The Second World War began in 1939 with the invasion of Poland by the German Reich. The population of Münster quickly felt the repercussions of the war: Münster was targeted by a total of 112 bombing attacks. The first attacks on Münster in 1940 to 1942 primarily targeted the transportation and business facilities, including the port area. The most significant destruction took place in the last seven months of the war with more than 50 percent of the overall quantity of bombs dropped on the city during the air war.

Although from the beginning of the war on, freight shipment through the port decreased continuously, in 1944 it was still over 250,000 tonnes. The maintenance of freight shipment of this magnitude was probably only possible because municipal facilities and many businesses in the port made considerable use of prisoners of war and alien labour to work in production and to clear up after bombing attacks.

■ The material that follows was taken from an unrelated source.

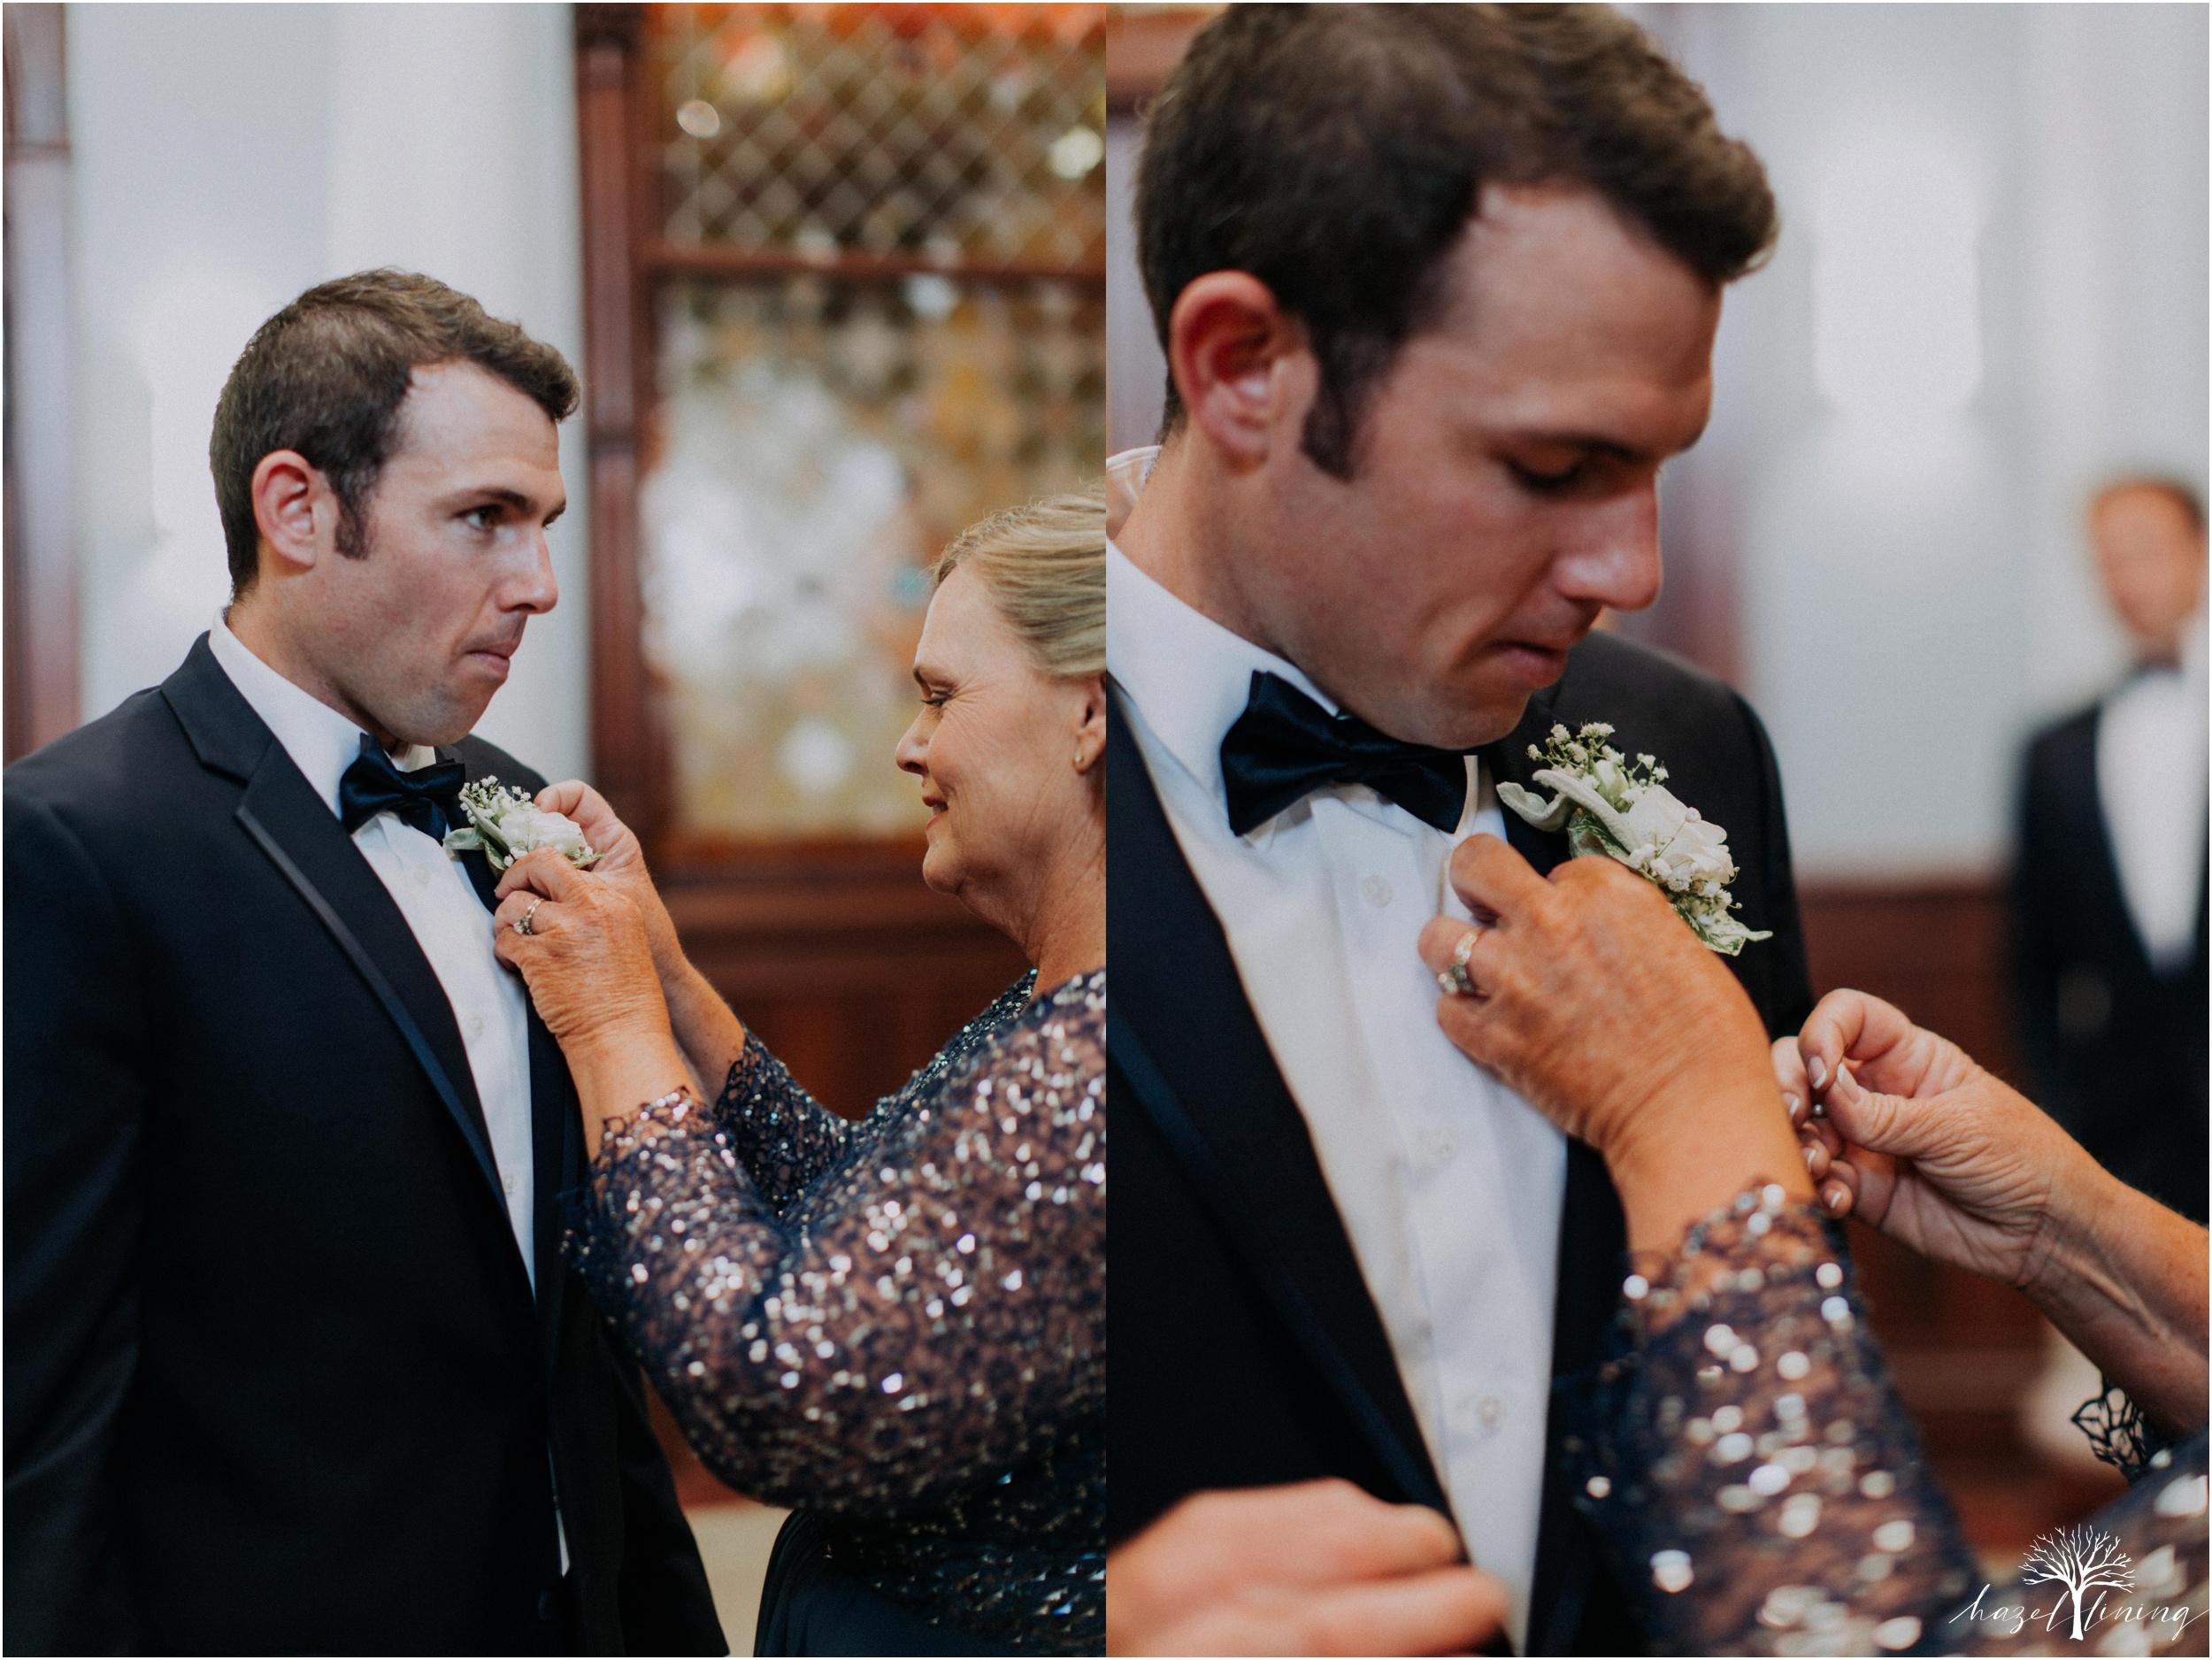 hazel-lining-travel-wedding-elopement-photography_0033.jpg

At the end of the war, the port facilities of Münster had been largely destroyed, but on 2 March 1946, the docks and escarpments as well as four cranes, an exhaustor and an elevator were already in a sufficient state of repair to resume operations at the municipal port. In 1946, shiploads amounting to more than 145,000 tonnes were shipped through the port; of this amount only 220 tonnes were outgoing. Almost 80 percent of the incoming goods consisted of construction materials for reconstruction.

 

The Significance of the Port from the End of the War to Today

Aside from slight fluctuations, the years following the Second World War were characterised by a steady growth that reached its climax in 1962. In that year, almost 4300 ships entered the port of Münster – a maximum that has never since been reached. From the mid-1960s until now, the municipal port of Münster has steadily lost significance. In 2005, only 281 boats were registered entering the port. A comparison between incoming and outgoing goods makes it clear that the port of Münster was from the very beginning primarily a port for incoming goods.

Since the middle of the 1960s, the area around the municipal port of Münster has become a commercial and industrial district with little attraction. In recent years, however, an extensive restoration and renovation of the port area has been undertaken. The north part on the Hafenweg (port road) is intended for the arts and culture scene, the south area, by contrast, for industrial establishments. The creation of new living quarters is not projected in the construction plans. On the port road, the aim is not to tear down the old buildings that survived the Second Word War, some of which were erected around 1900, but rather to restore and maintain them.